Boehringer Ingelheim initiates new HIV/AIDS Trial for extended release formulation of Viramune®

Ingelheim/Germany, 12 February 2008 – Boehringer Ingelheim announced today that it has initiated and begun enrollment of patients in the VERXVE trial, which will compare the efficacy and safety of a new extended release formulation of Viramune® (nevirapine), a non-nucleoside reverse transcriptase inhibitor (NNRTI), dosed once daily (QD) with the currently approved Viramune ® given twice daily (BID). The trial stands for Viramune Extended Release compared to Viramune® and will involve all in all approx. 1000 patients in 18 countries in Europe, North and South America, South Africa and Australia. Nevirapine will be combined with a background regimen consisting of tenofovir and emtricitabine (Truvada®). Recruitment is planned throughout 2008. Results will be available in 2010.

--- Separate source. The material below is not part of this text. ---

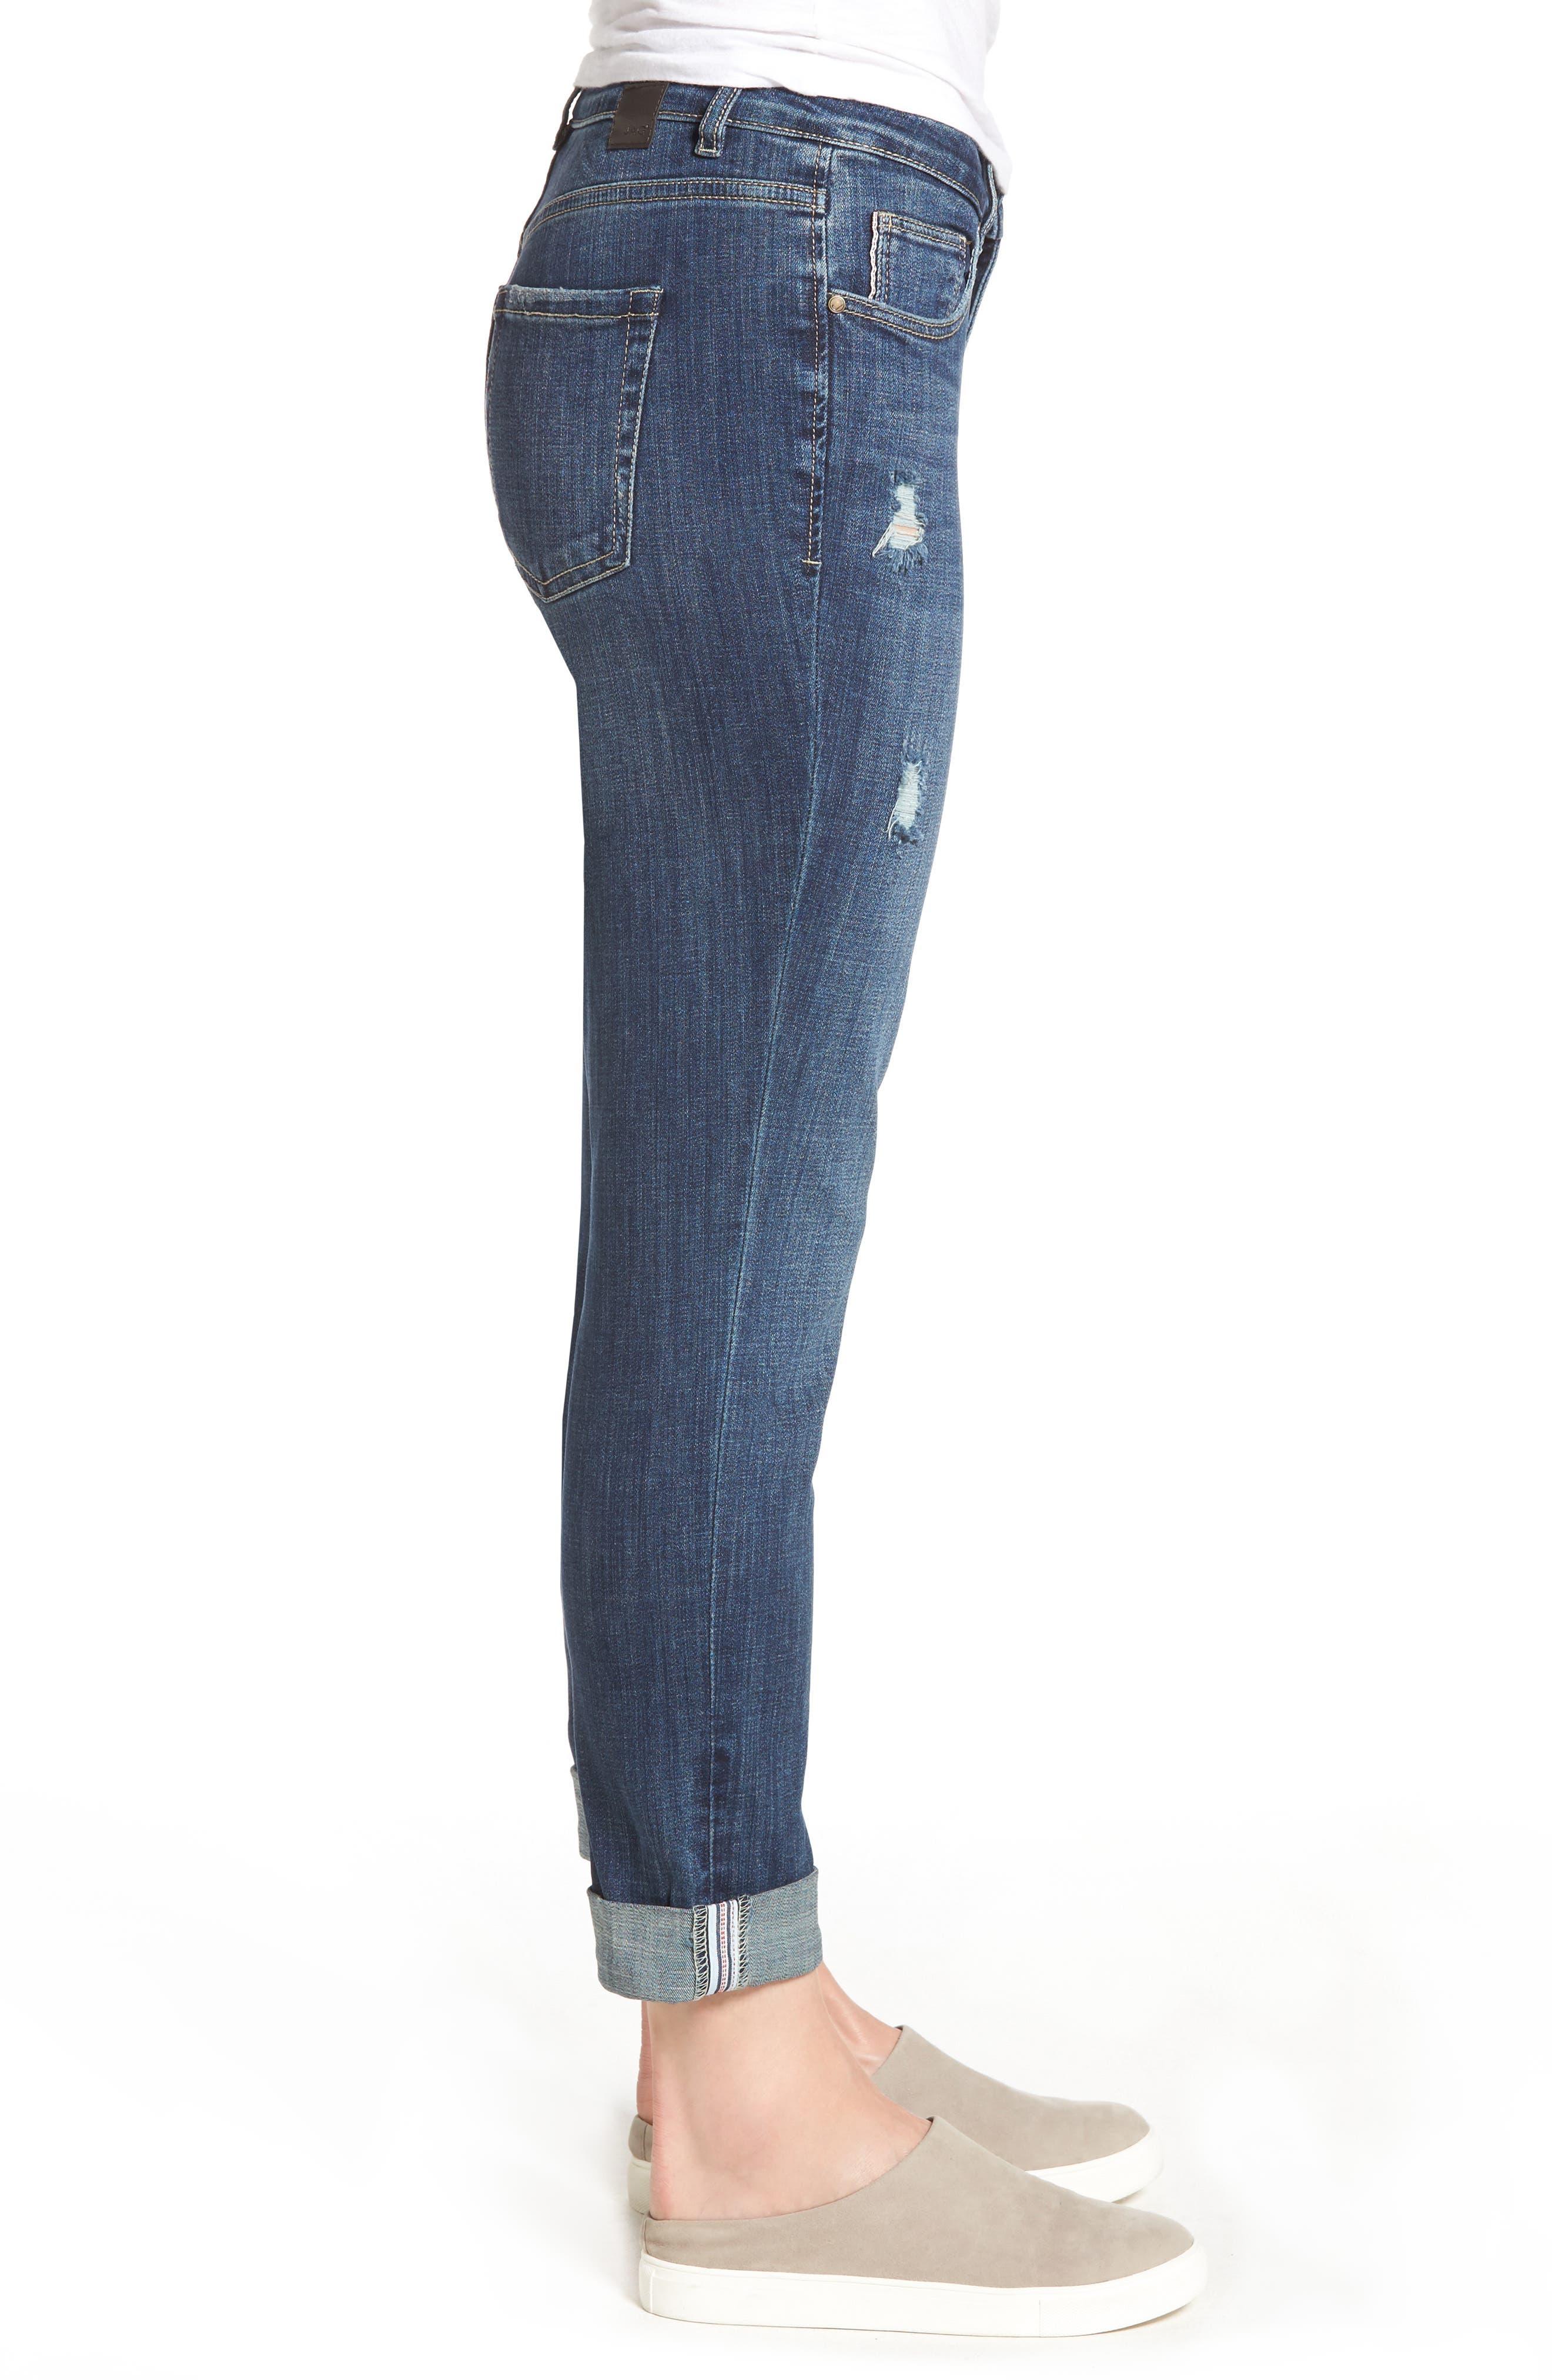 Carter Cuffed Stretch Girlfriend Jeans,                             Alternate thumbnail 3, color,                             MEDIUM INDIGO

"Viramune® dosed twice daily is proven to be an effective, tolerable and durable treatment option with a favourable lipid profile. The VERXVE study is an important trial as it is in the patients’ interest to reduce the pill burden in HIV/AIDS as much as possible and we expect that the efficacy and safety will be the same in this simplified treatment regimen," said Dr Keikawus Arastéh, Director of the department Infectious Diseases and Gastroenterology at the Auguste Victoria Hospital Berlin and lead investigator at Epimed, Society for Epidemiological and Clinical Research, Berlin.

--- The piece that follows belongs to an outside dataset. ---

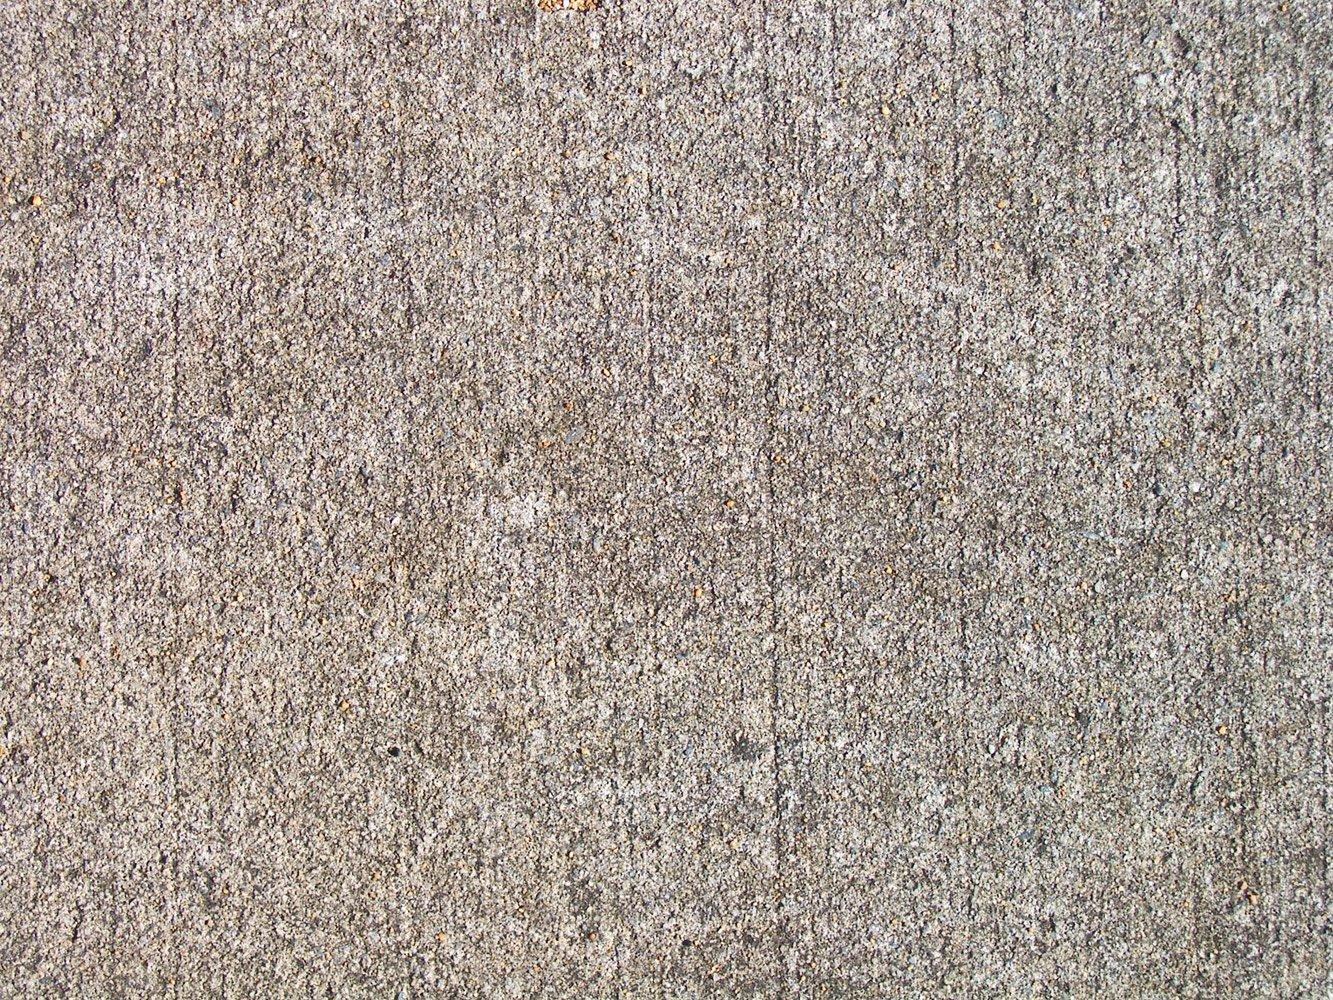 Texture cemento grezzo

The primary endpoint of the trial will be virologic response, i.e. suppression of virus load to < 50 copies/mL, after 48 weeks. It is a double-blind study comparing nevirapine 400 mg extended release formulation, given as one pill once a day, to the currently approved nevirapine regimen, given as one 200 mg tablet twice daily.

About Viramune®
Viramune® is a product of original research done at Boehringer Ingelheim. Viramune® was the first member of the non-nucleoside reverse transcriptase inhibitor (NNRTI) class of anti-HIV drugs. Viramune® is indicated for use in combination with other antiretroviral agents for the treatment of HIV-1 infection. This indication is based on one principal clinical trial that demonstrated prolonged suppression of HIV-RNA and several smaller supportive studies. Studies have also shown that patients switching to Viramune® from a PI-based regimen demonstrate an improved lipid profile while maintaining viral suppression. The most clinically important adverse events associated with Viramune® are rash and hepatic events, which have included fatal cases. Any patient can experience hepatic events; however, female gender and higher CD4+ cell counts at initiation of therapy place patients at greater risk. Women with CD4+ cell counts >250 cells/mm3 are at the greatest risk. By application of the Viramune® CD4+ guidelines the risk of hepatic events can be dramatically reduced. Viramune® should not be initiated in adult females with CD4+ cell counts greater than 250 cells/mm3 or in adult males with CD4+ cell counts greater than 400 cells/mm3 unless the benefit outweighs the risk. The greatest risk of severe rash and hepatic events occurs in the first six weeks of therapy. It is essential that patients be monitored for these reactions at all times, and intensively during the first few months of therapy. Viramune® should be discontinued and not restarted following severe hepatic, skin or hypersensitivity reactions.

Boehringer Ingelheim
Boehringer Ingelheim is committed to the research and development of novel antiretroviral agents. Apart from Viramune®® (nevirapine), Aptivus® (tipranavir) is a new non-peptidic protease inhibitor, approved for combination antiretroviral treatment of HIV-1 infected adults that are highly pre-treated with virus resistant to multiple protease inhibitors. The company is committed to improving HIV therapy by providing physicians and patients with innovative antiretrovirals.